Market Analysis: Fascinating Massachusetts Colonials series ripe for specialists
- Published: Feb 24, 2020, 3 PM
Many collectors are drawn to Colonial American coins because of their handmade nature, and the Robert M. Martin Collection of silver coins of the Massachusetts Bay Colony showed the rich diversity of this area. The first lot offered from this collection at the Stack’s Bowers Galleries’ Nov. 15, 2019, auction in Baltimore, was a 1652 Oak Tree shilling that had been cut to a sixpence weight.

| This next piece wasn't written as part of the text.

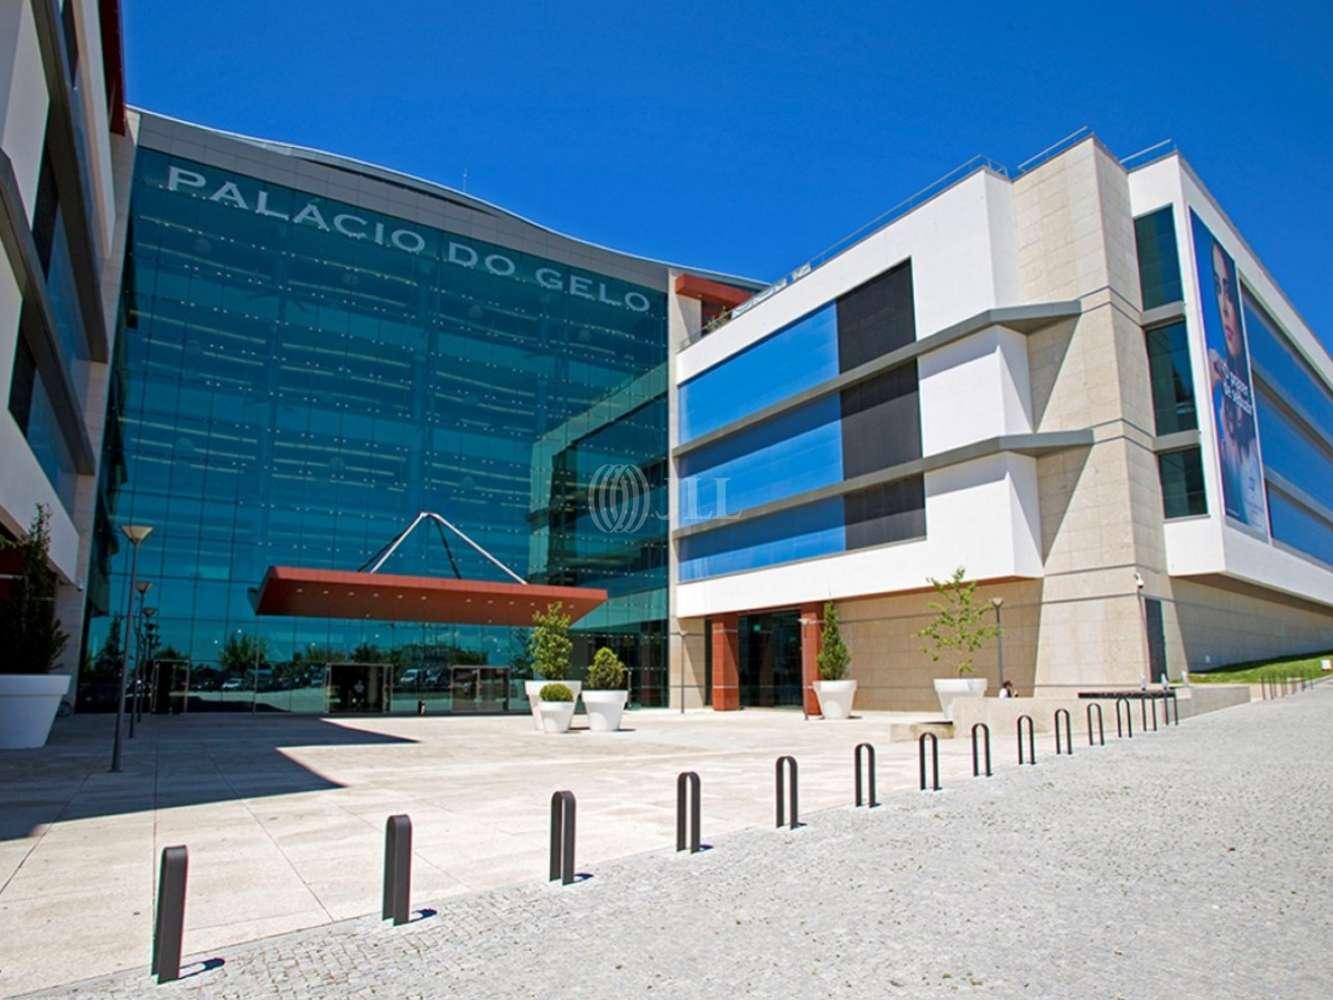 Centro-comercial Viseu, 3500-606 - Palácio do Gelo Shopping

It was graded Extremely Fine 40 Details by the auctioneer, who noted saltwater surfaces, providing visual evidence of its recovery from the 1711 shipwreck of the HMS Feversham off the coast of Nova Scotia. These fractional cut pieces were used as small change by colonists in the late 17th and early 18th centuries.
Massachusetts shillings all carry the same date, though production continued for decades.
The coin also represents a rare die variety — Noe 2 as listed in The Silver Coinage of Massachusetts by Sydney Philip Noe, which is easy to discern because of its medal-turn alignment rather than the typical coin-turn alignment and punctuation between NEW on the reverse, though that identifying trait is not on this remaining portion. The historical coin sold for $4,080.